Keywords: ZIP4, apoptosis, pancreatic cancer, cell cycle, caspase
Introduction
Pancreatic cancer is the fourth leading cause of solid cancer deaths with an overall 5-year survival rate of approximately 6%.1 The mortality associated with pancreatic cancer is due to inability to detect at early stage, high recurrence rate, resistance to chemotherapy and radiotherapy, and, lastly, the disease being typically metastatic at diagnosis.2 Therefore, great pressure still exists in understanding the biology and finding more effective treatments for this devastating disease.

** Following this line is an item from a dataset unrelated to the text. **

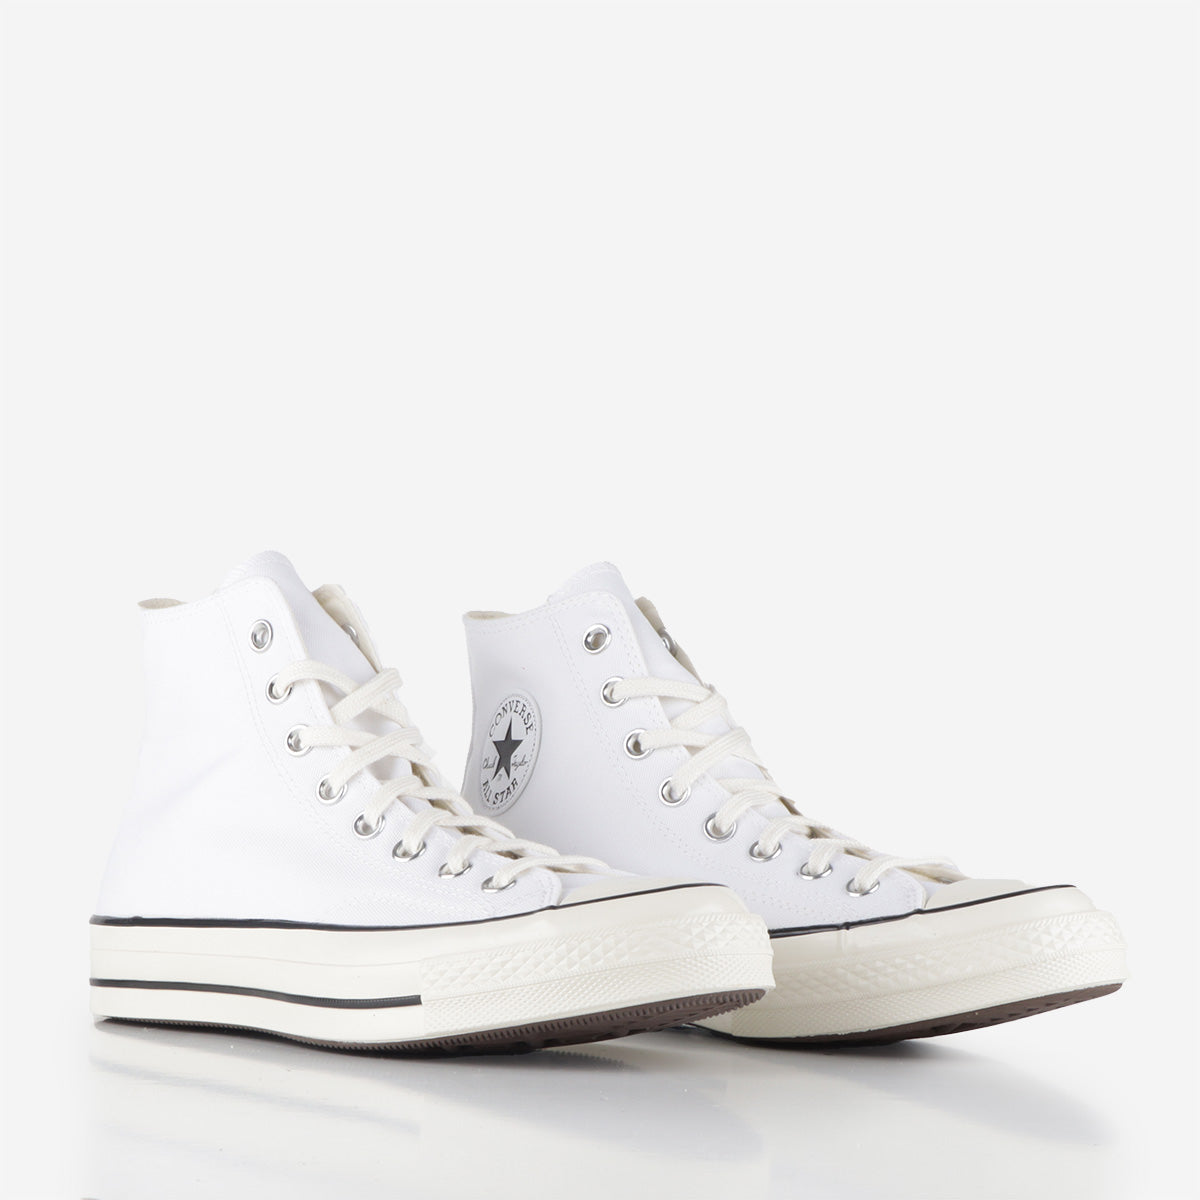 Converse Chuck Taylor 70 'Vintage Canvas' Hi Shoes - White/Black/Egret ...

Normally, cell growth is controlled through the balance between cell proliferation and programmed cell death, whereas cancer cells deregulate both by promoting cell proliferation and inhibiting apoptosis. The mechanism of pancreatic cancer cell proliferation, apoptosis, and cell cycle progression still requires further study and is a prerequisite for the development of early detection techniques and better treatments. A previous study has indicated that high-meat diet, especially red meat and double-cooked meat, which led to excessive zinc intake to human body, was regarded as a pivotal risk factor of pancreatic cancer development.3 And the essential trace element zinc plays an important role in regulating cancer cell growth.4 Zinc deficiency can induce apoptosis, growth retardation, and impair DNA synthesis.5,6 Conversely, overly high zinc concentration is toxic. Therefore, intracellular zinc concentrations are maintained within a fine range to preserve normal cell physiology.7,8 This balance is achieved by the antagonistic actions of zinc transporters, ZIPs and ZnTs, which are responsible for zinc import and export, respectively.8,9
Recent studies have shown that zinc transporters play important roles in cancer development. Downregulation of ZnT1, which results in low zinc efflux, has been observed in mammary gland tumor cells.10 ZIP6 is reportedly associated with estrogen-positive breast cancer development and metastasis.11 Similarly, ZIP10 was involved in the invasive behavior of breast cancer cells.12 These studies all suggest a positive correlation of excess intracellular zinc with cancer progression through either overexpression of a cellular zinc importer or loss of a zinc exporter.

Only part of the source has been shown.